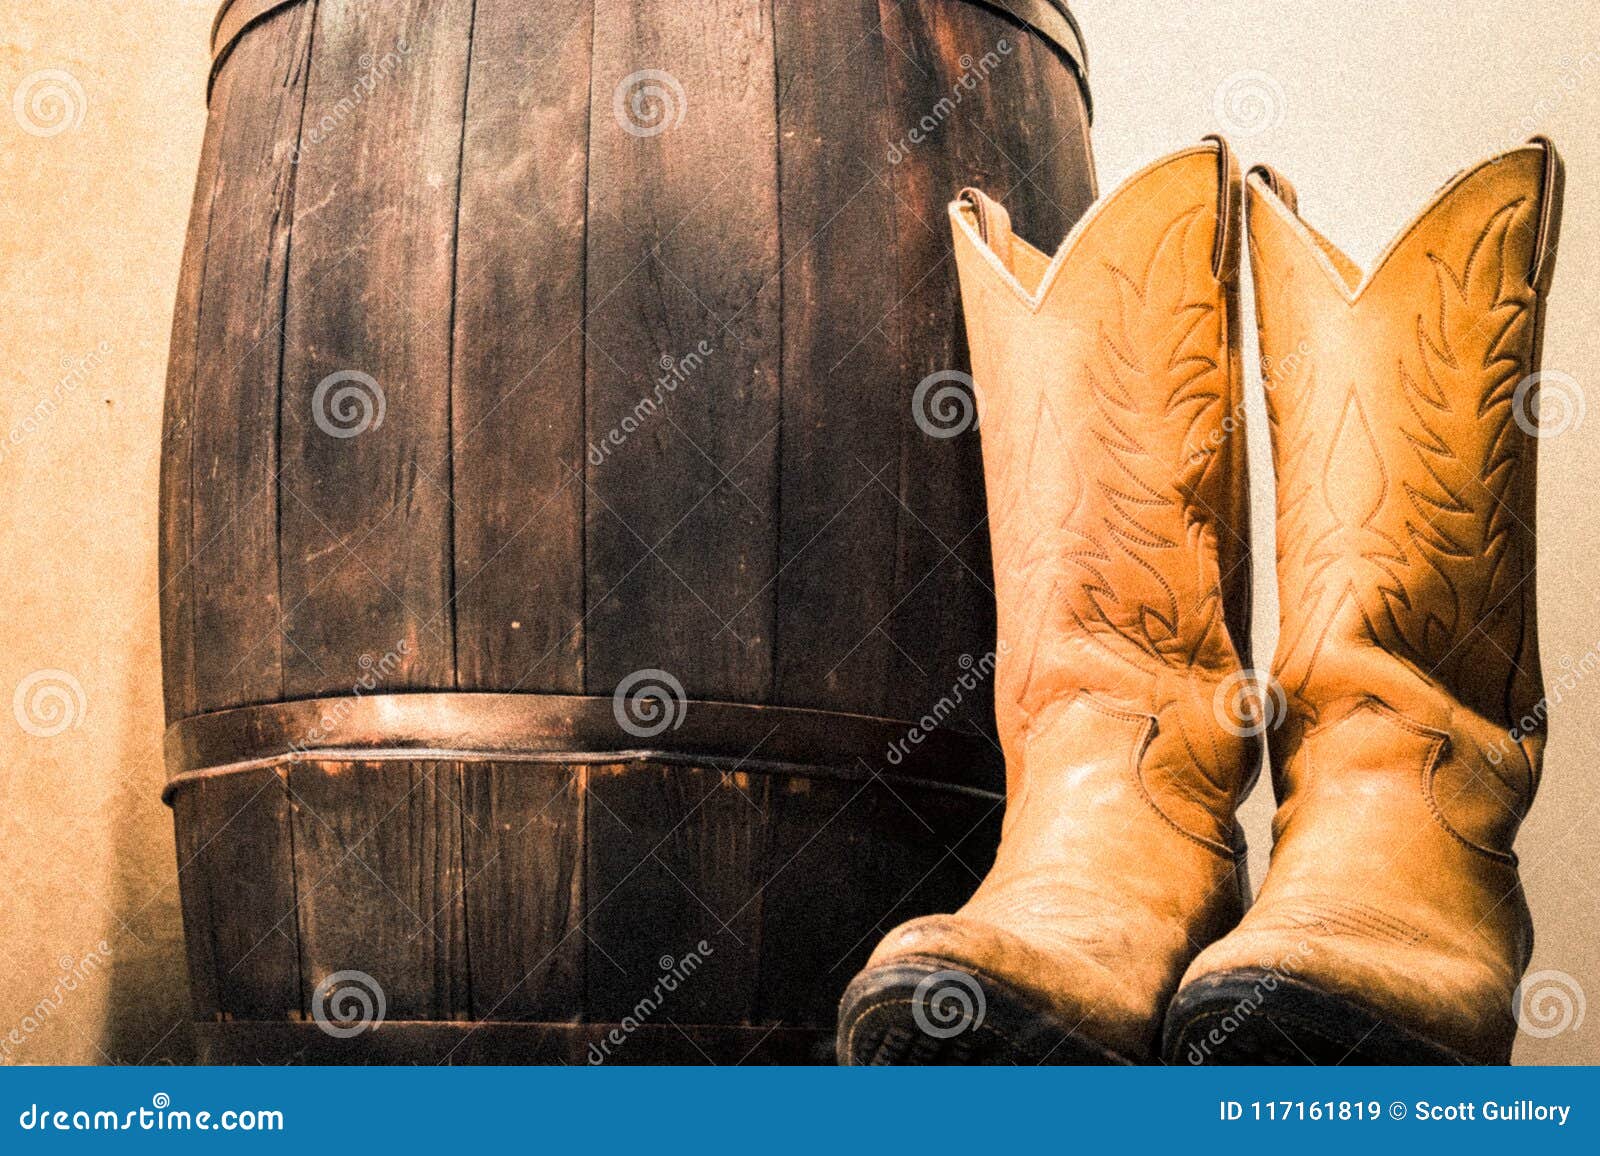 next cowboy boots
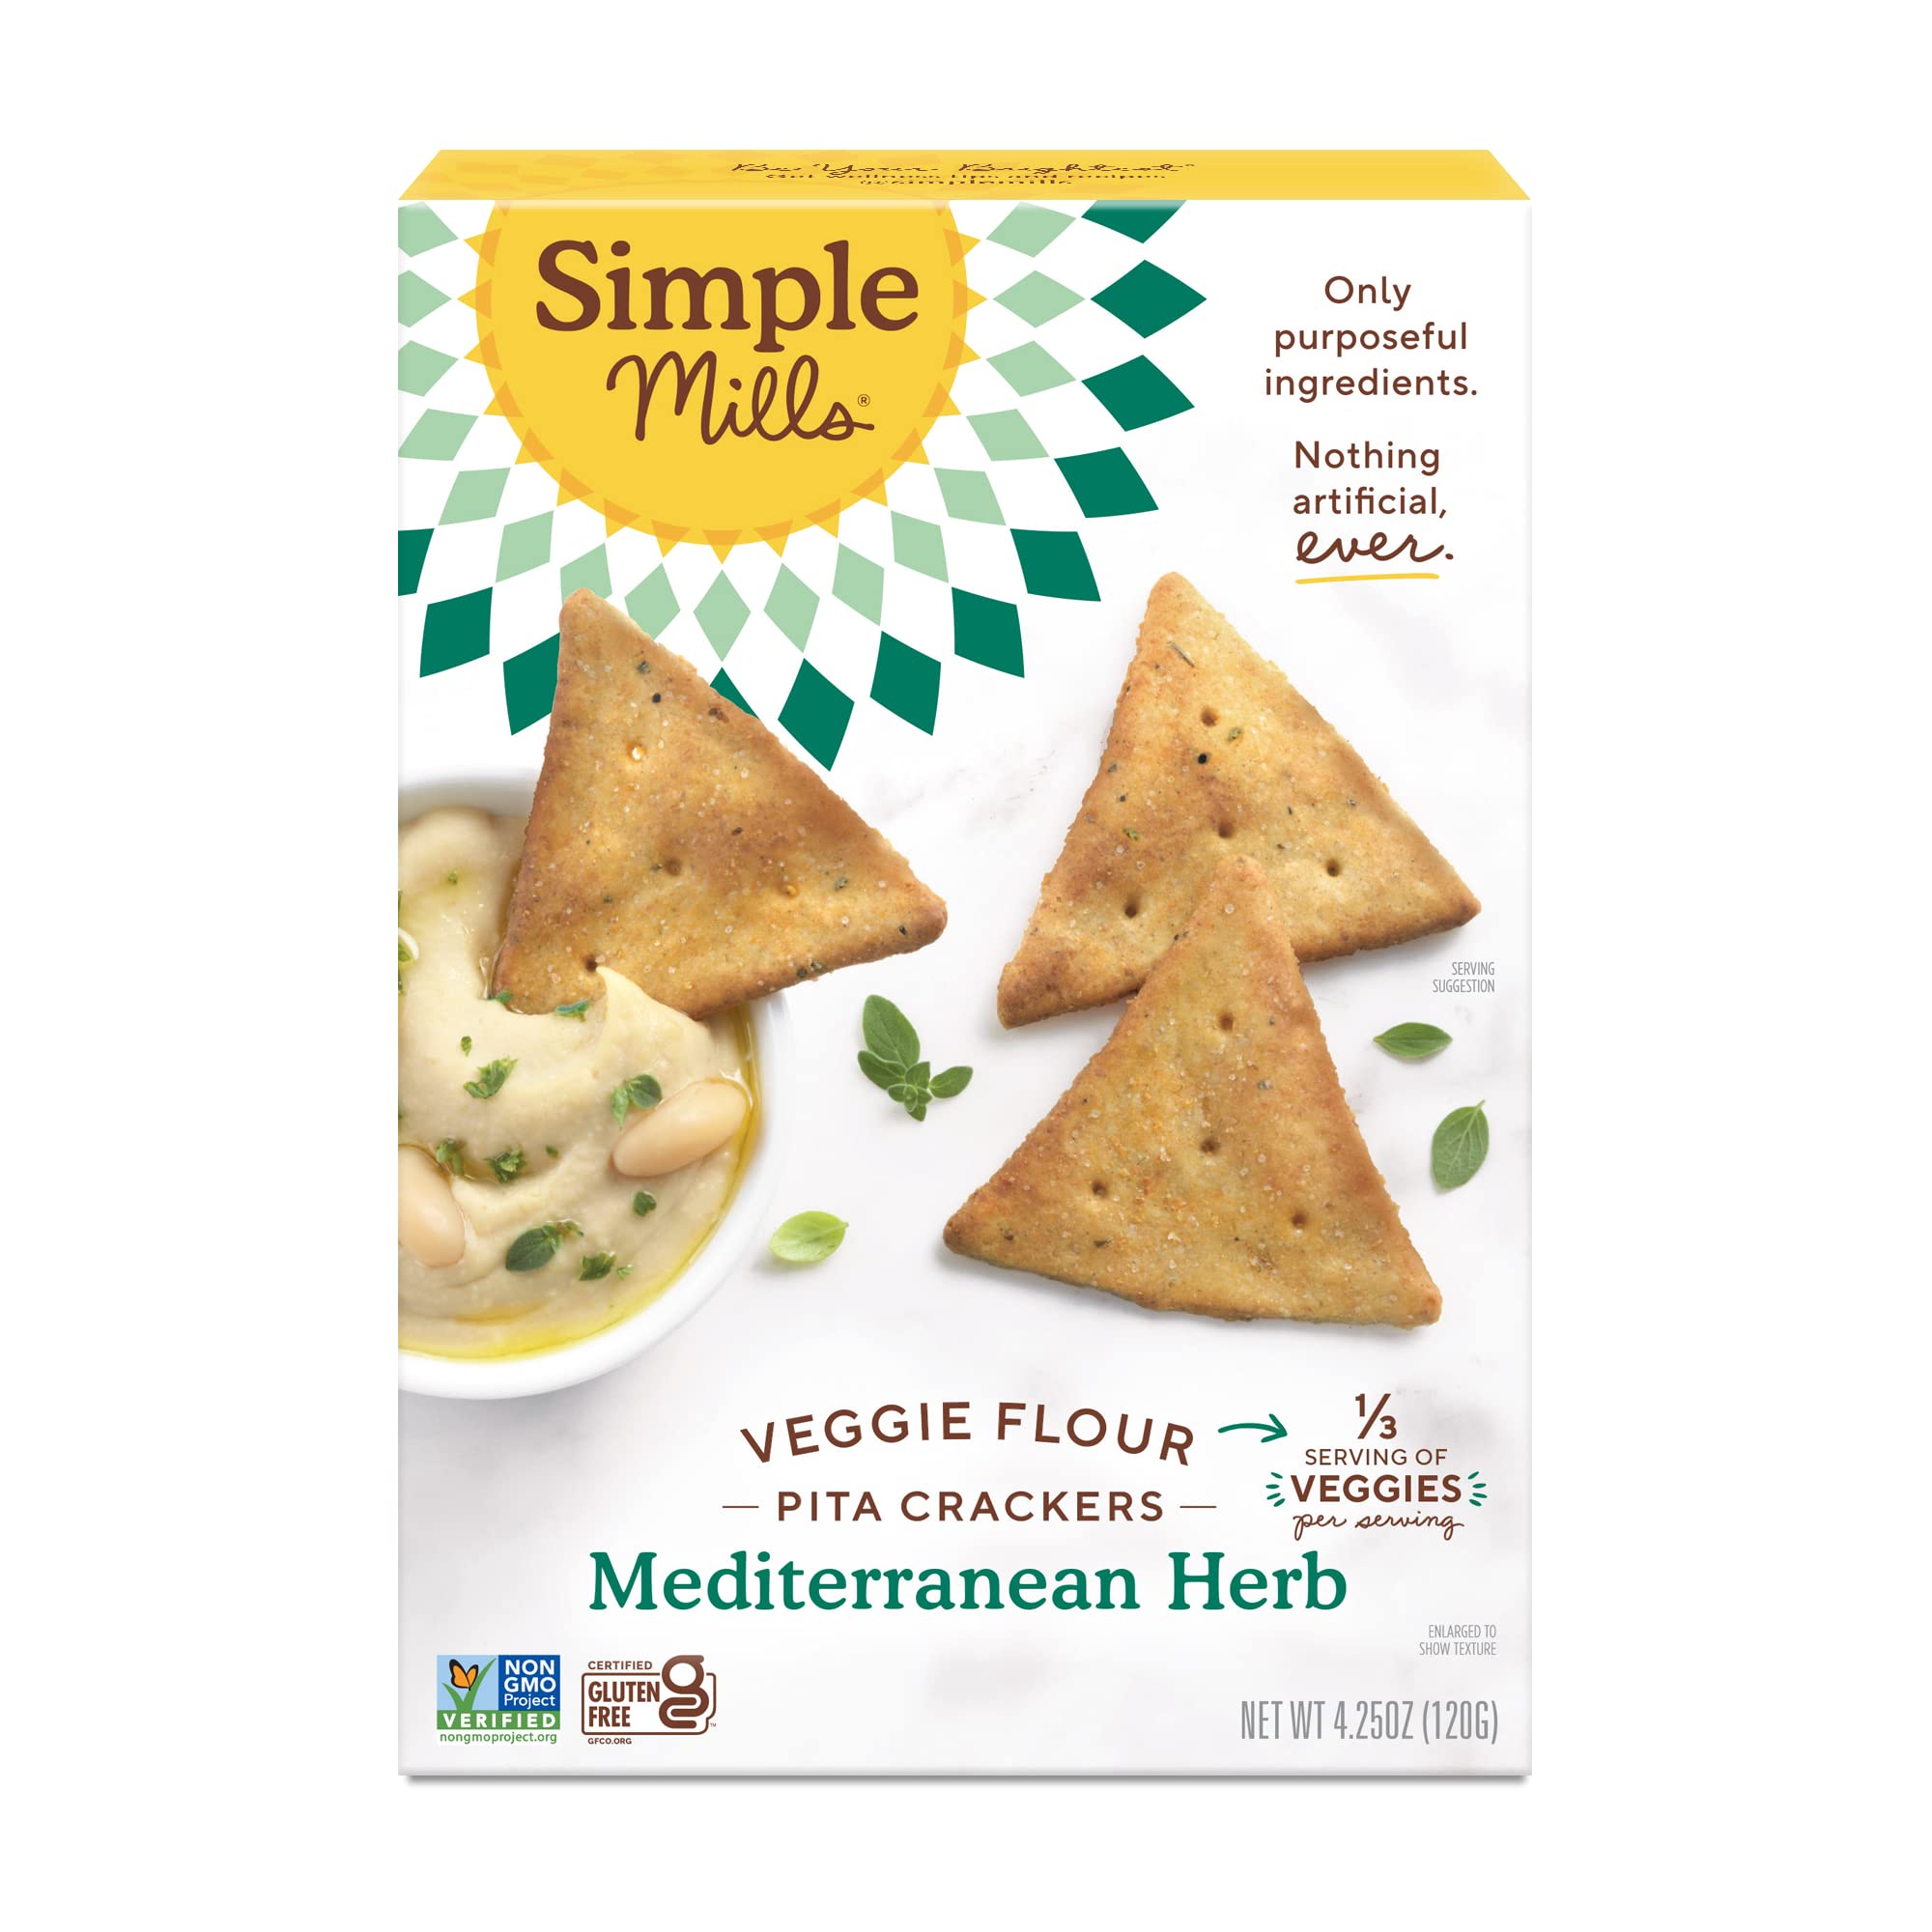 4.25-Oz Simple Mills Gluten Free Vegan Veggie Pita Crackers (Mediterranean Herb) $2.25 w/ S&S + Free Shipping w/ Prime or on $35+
...
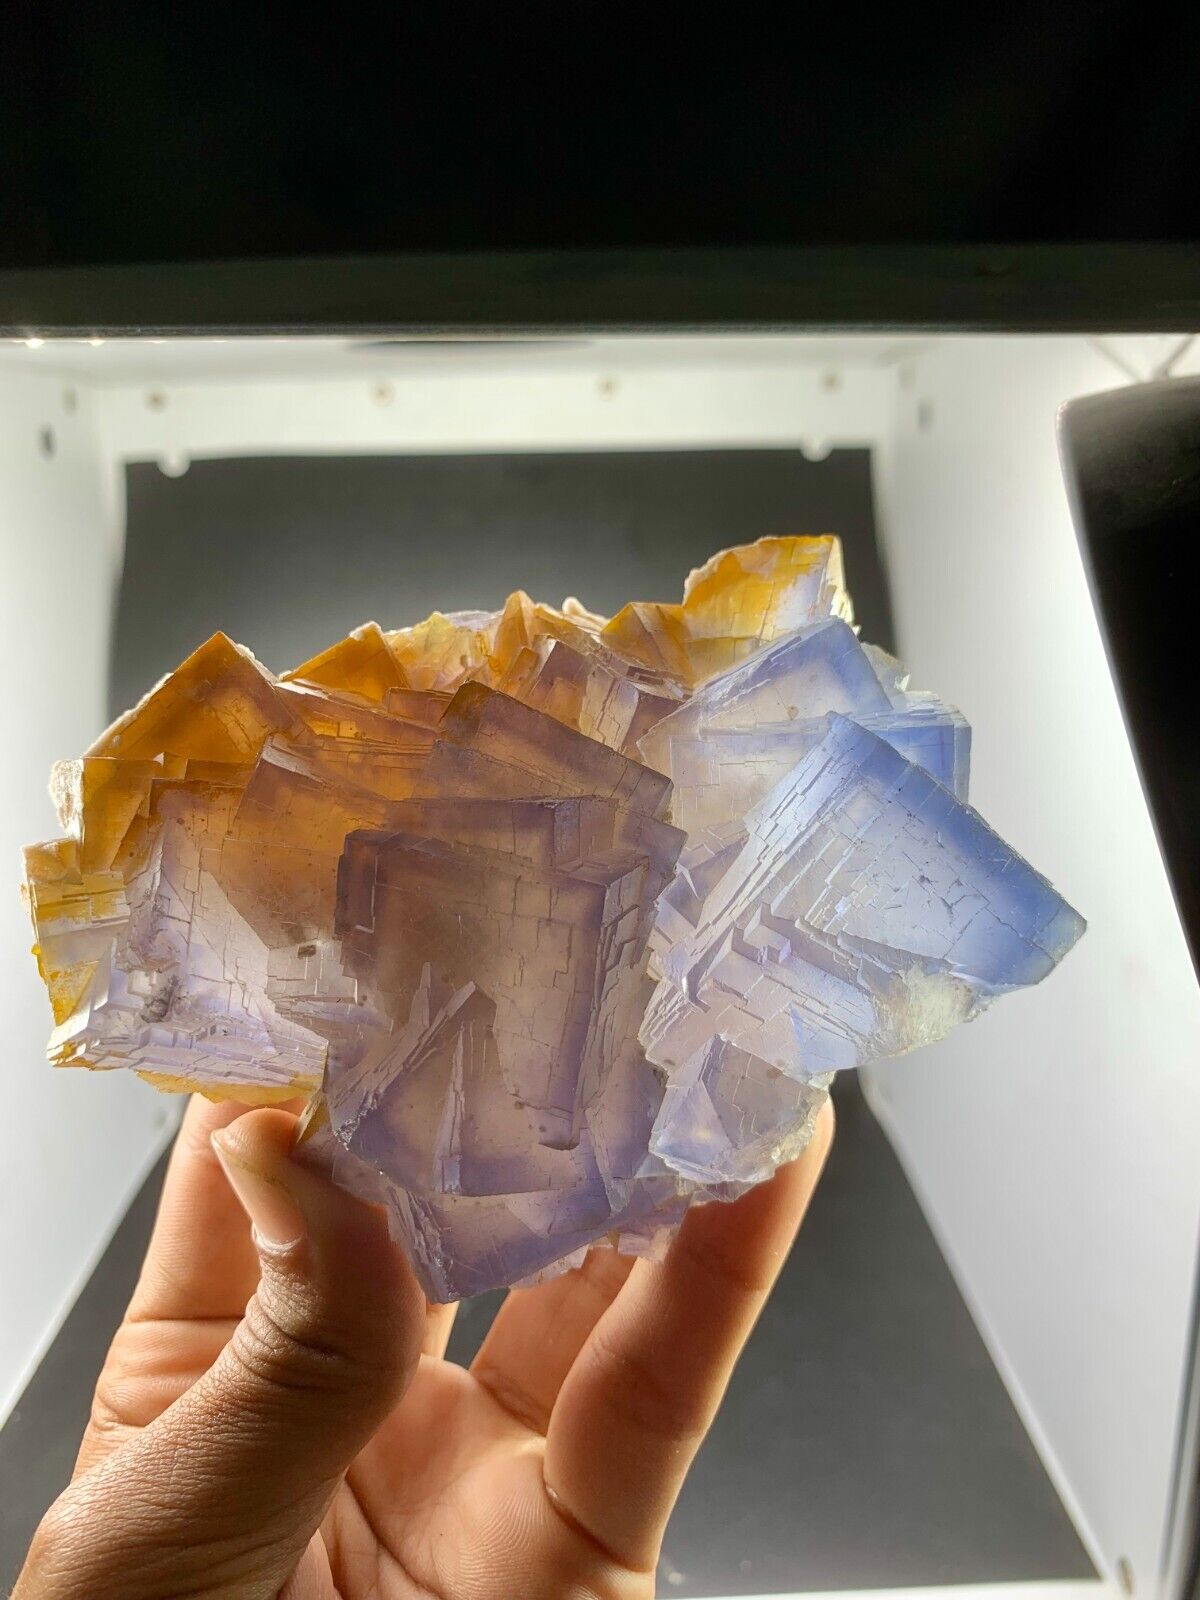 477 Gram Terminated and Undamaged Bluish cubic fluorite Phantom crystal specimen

Task to carry out:
Working from the data above, repeat exactly, and only, the lines that begin at the line containing "next cowboy boots" and stop after the line containing "4.25-Oz Simple Mills"; pictures are not copied.

Your solution:
 next cowboy boots
 4.25-Oz Simple Mills Gluten Free Vegan Veggie Pita Crackers (Mediterranean Herb) $2.25 w/ S&S + Free Shipping w/ Prime or on $35+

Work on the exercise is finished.